Burney also said he believed a delay in MRI could have cost him his life.

"When I went for an MRI, there was a 40-day delay in the hospital getting the exams, the response time is 32 days, the scan was done at 20," he said.

"This delay has caused a delay in treatment that, in my case, can cost me my life."

Burney told Sky News later, "It definitely resulted in me getting a terminal prognosis of cancer."

He said about the contaminated blood scandal: "I am only one of the thousands of victims who suffered, and my family suffered as a direct result of the neglect of the Department of Health and the British government.

"Victims who are no longer with us, have no voice, but if it were not for their efforts, we probably would not be where we are today.

"The British government basically stayed ahead and blocked all efforts made by our community to bring any kind of justice or any kind of closure."
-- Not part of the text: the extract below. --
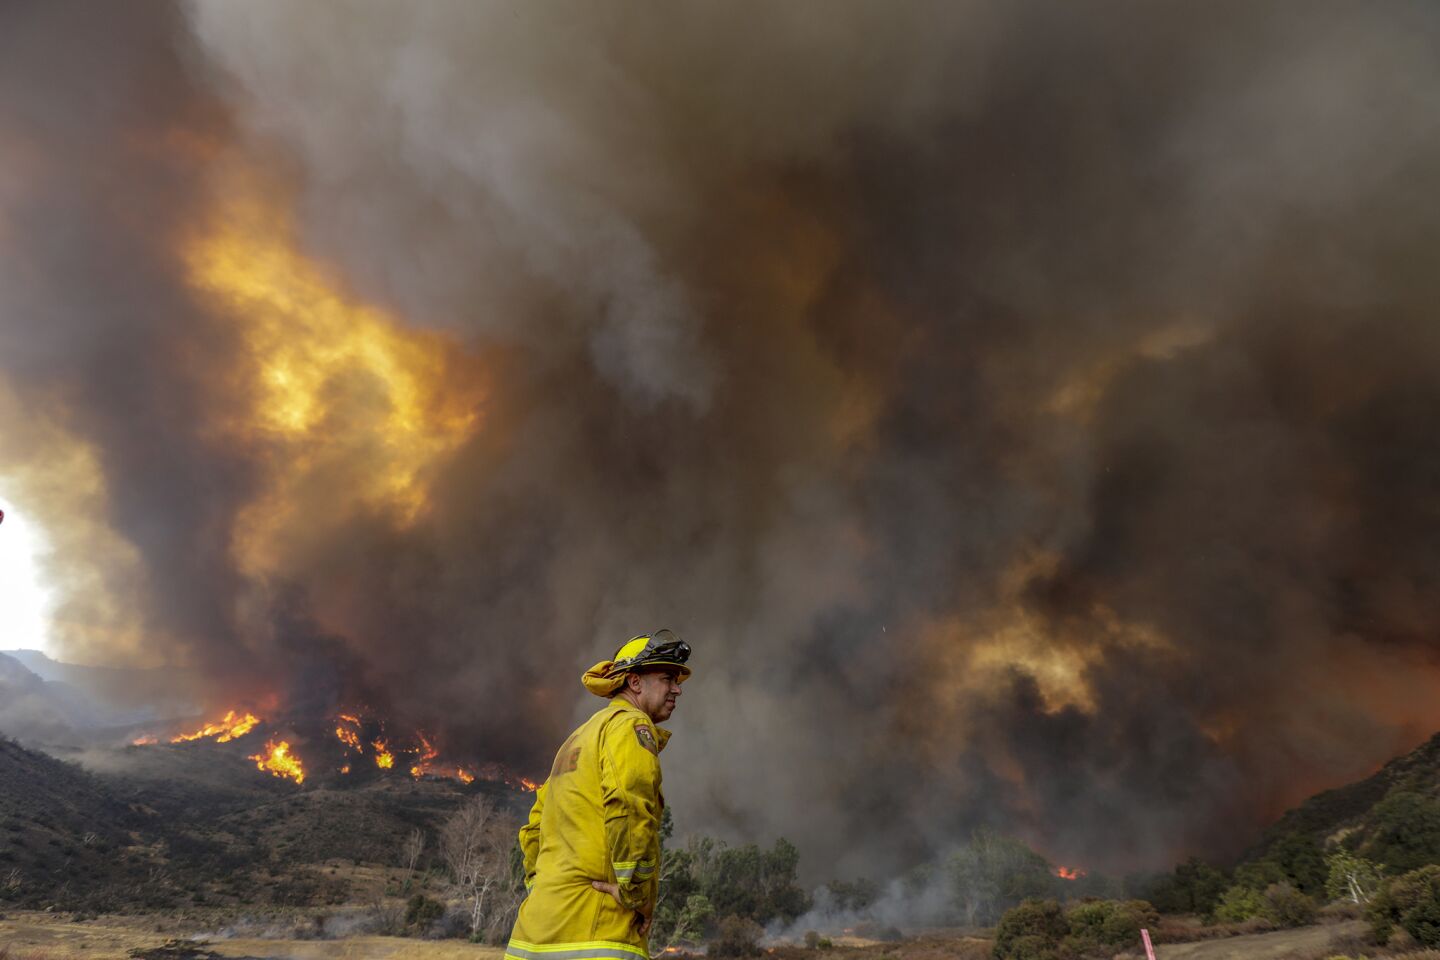 Cal Fire's Mario Gonzalez keeps an eye on the Holy fire raging near homes in Leach Canyon.

He said he was "angry," but "you have to try to forgive what happened in the past, because if you can not try to forgive, you will never have inner peace."

Mr. Burney continued: "What I find difficult to forgive is that all our requests are falling on deaf ears.

"I can not forgive the way they treated the widows of the victims who died.

"My wife will become a widow sometime in the near future.

"My greatest fear is not to die.



Victim gives moving speech to blood survey



The victim of contaminated blood Peter Burney gives evidence in the inquiry in Leeds

"My biggest fear is that this Infected Blood Support Program is in my wife's control and they will only administer the support they have been forced to administer and will administer it in a punitive manner.

"I have been infected with this virus for 40 years.

"I can not rest in peace because I know these guys will come and basically abuse my wife the same way they abused me."